Generation of Sequence Subsamles Using BEsTRF 
1. Specify primer pairs of choice, sequence database and restriction endonucleases you intend to use for analyses.
2. Modify BEsTRF parameter file selected from worked examples or prepare your own from the supplied BEsTRF parameter file 
3. Run your analyses. Sequence subsets are now stored in one novel directory as primer-pair specific text files (e.g. A109f_A927r.txt). They contain sequences detected by the selected primer pairs.
Making an Alignment
We will first generate our multiple sequence alignment using the Ribosomal Database Project's Pyrosequencing Pipeline  as the Greengenes NAST aligner was less amenable to align datasets of 1000+ sequences on a routine basis. Under ‘’Data processing’’ step  you will find ALIGNER.

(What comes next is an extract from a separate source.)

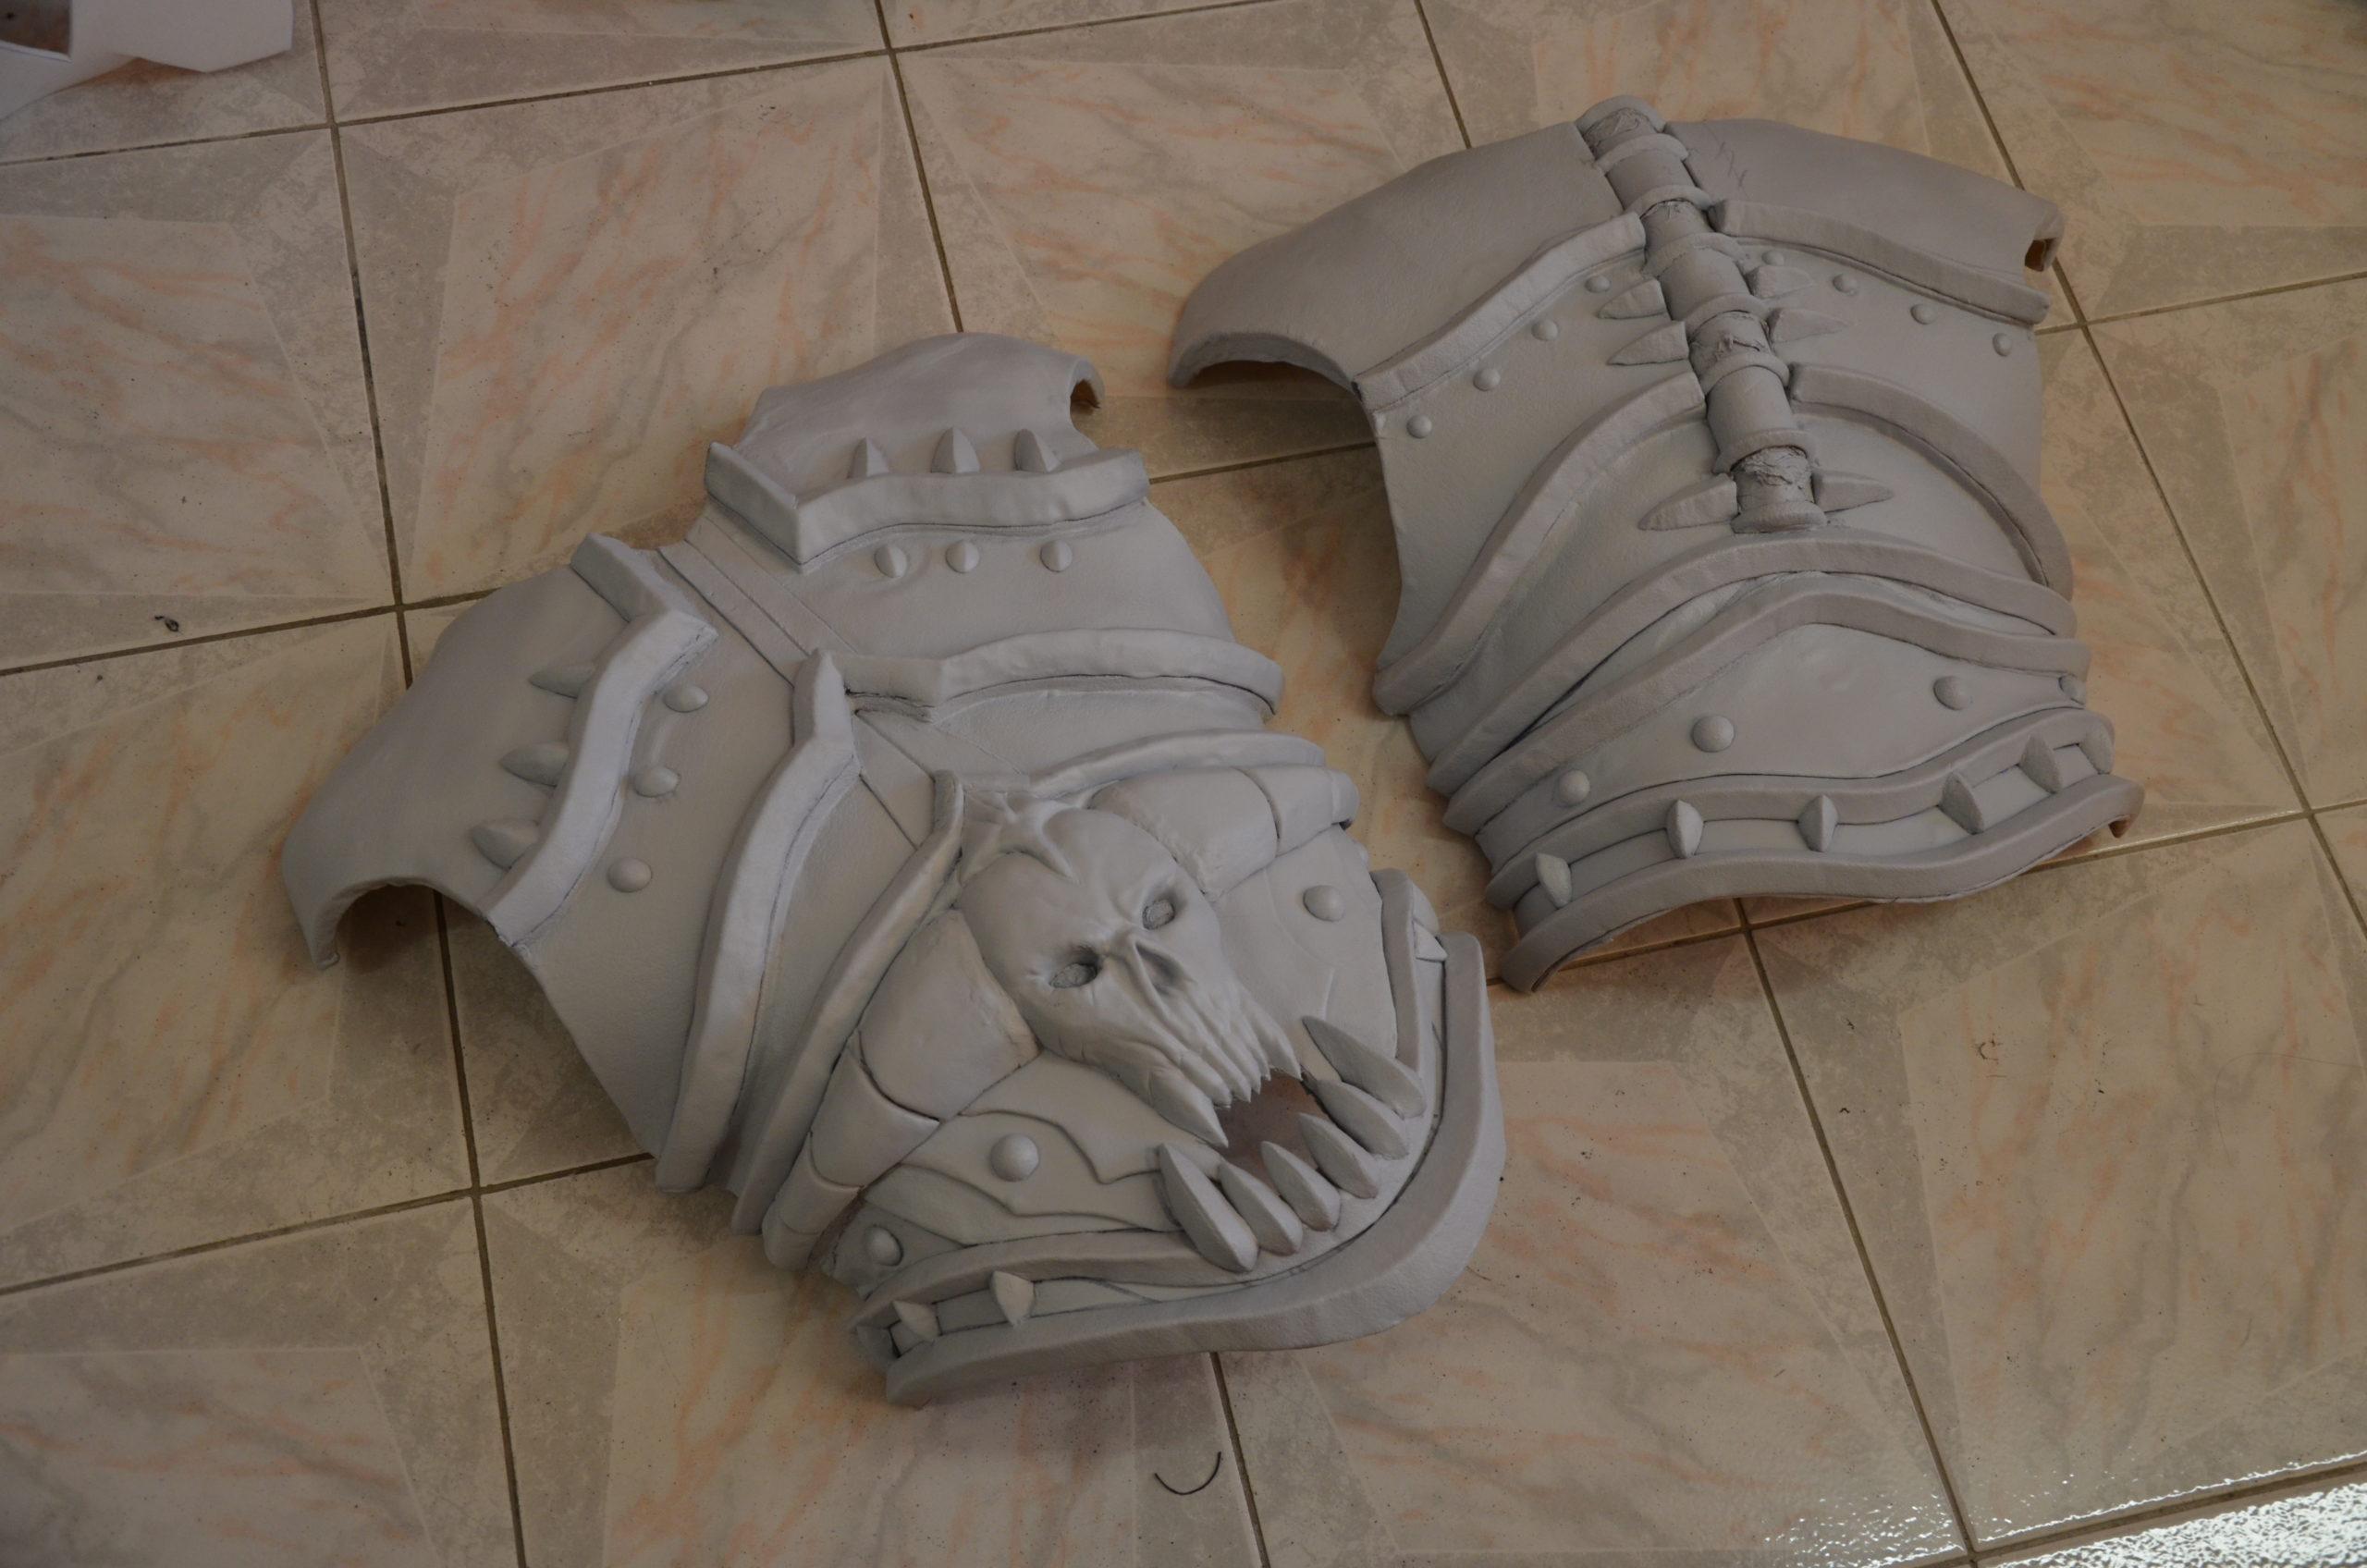 appret worbla armure

1. provide your email address – you will receive data over email; I prefer to use gmail due to the size of the files sent.
2. type in the code
3. browse and select your file containing sequences, confirm, wait until the page is updated, and confirm again
Wait until your alignment is delivered to your email. Download to preferred location, unpack. We will rename the file to alna0mm.txt to make clear its content.
Making a Distance Matrix
To generate necessary distant matrices we will again use Ribosomal Database Project's Pyrosequencing Pipeline as above. Select ‘’Formats for common programs’’ and choose Mothur: Column Distance Matrix - create a column distance matrix compatible with Mothur.
1. provide your email address – you will receive data over email again.
2. type in the code
3. browse and select your unpacked alignment, confirm, wait until the page is updated to see the RDP’s confirmation message. Wait until your alignment is delivered to your email. Download, unpack.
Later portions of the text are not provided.